Amid Champions League chaos, the calm of Carlo Ancelotti may prove Real Madrid’s saviour

Getty

A manager embarked on a particularly animated display of pointing. Then he crouched down, seemingly to get the view from three feet. He strayed out of his technical area, at one stage entering the other. He thrust his left arm out, like a man desperate to hail a taxi. He had his head in his hands time and again. He collected a caution for running at the fourth official in semi-comical fashion.

It wasn’t Carlo Ancelotti. How could it be? The Real Madrid manager has survived for 40 years at the summit of the game, often without resorting to anything more demonstrative than an arched eyebrow.

His team were the side trailing, often by one goal, three times by two, but panicking is scarcely part of the Ancelotti brand. Even when instructions were conveyed, it was in a languid manner. As Manchester City launched into attack after attack, his hands spent much of their time in his pockets. Pep Guardiola’s seemed to have a life of their own. One looked a nervous wreck during a frenetic classic of a semi-final, the other a retiree passing time by observing a mildly diverting paddling of ducks at his local pond.
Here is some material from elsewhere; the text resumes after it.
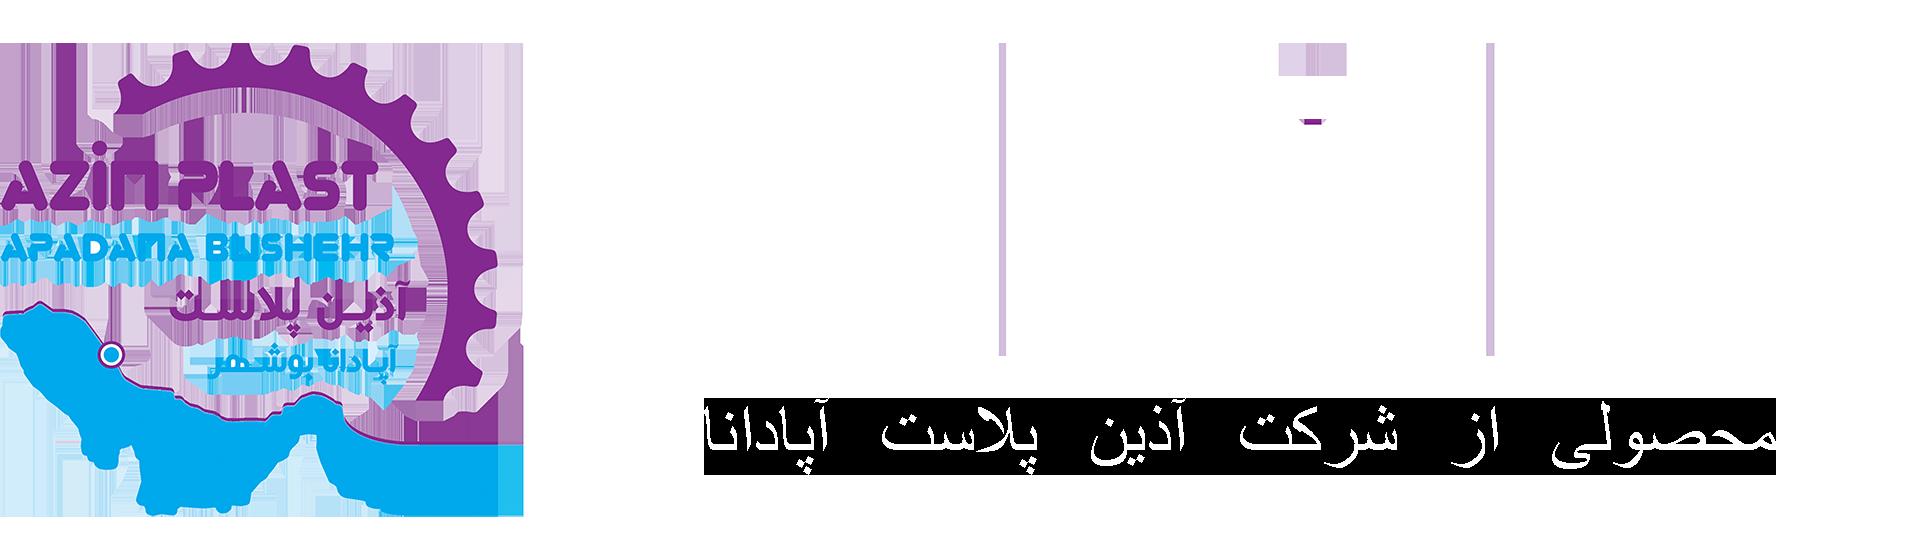 کارتن پلاست بوشهر

Part of the criticism of Ancelotti is that he seems passive. The sense sometimes is that things happen to him, rather than him shaping events, but he is the most decorated passive manager in the business. More good things have happened to Ancelotti than to virtually anyone else. He won the European Cup in the 1980s, 1990s, 2000s and 2010s, probably all without his heart rate rising above resting.

He yet might win it in the 2020s, too, which looked improbable when City threatened to overrun and overwhelm Real.

Instead, they illustrated their status as the Champions League’s zombie team. The shots rained in on their goal, their defence creaked and they were behind for 88 minutes, plus injury time, but it is impossible to fully kill off Real. There were moments when they looked old and past their best, which are accusations that are levelled at Ancelotti, others when the institutional memory of players and manager alike seemed to kick in.

Perhaps Real Madrid will win the Champions League because they are Real Madrid.

They went 2-0, 3-1 and 4-2 down and responded every time. Paris Saint-Germain and Chelsea can testify to that capacity for comebacks. An Ancelotti-esque refusal to panic stood Real in good stead. His laidback nature was reflected when Karim Benzema had the coolness to chip in a penalty, Panenka style. He channelled his manager’s insouciance and scored.

The greater surprise was that even Ancelotti celebrated Vinicius Junior’s goal, a couple of minutes after Phil Foden had scored City’s third. He is the man who marked Everton’s fifth goal against Tottenham last year by simply blowing on his hot coffee. It was an exercise in nonchalance.

And Everton had another pertinence. The previous meeting of Guardiola and Ancelotti was a mismatch. The Italian has now seen his sides concede nine goals on his last two trips to the Etihad Stadium. One difference – and there are many others – is that this time they scored three. Ancelotti’s time with the Toffees ended at the Etihad Stadium, even if he didn’t know it at the time.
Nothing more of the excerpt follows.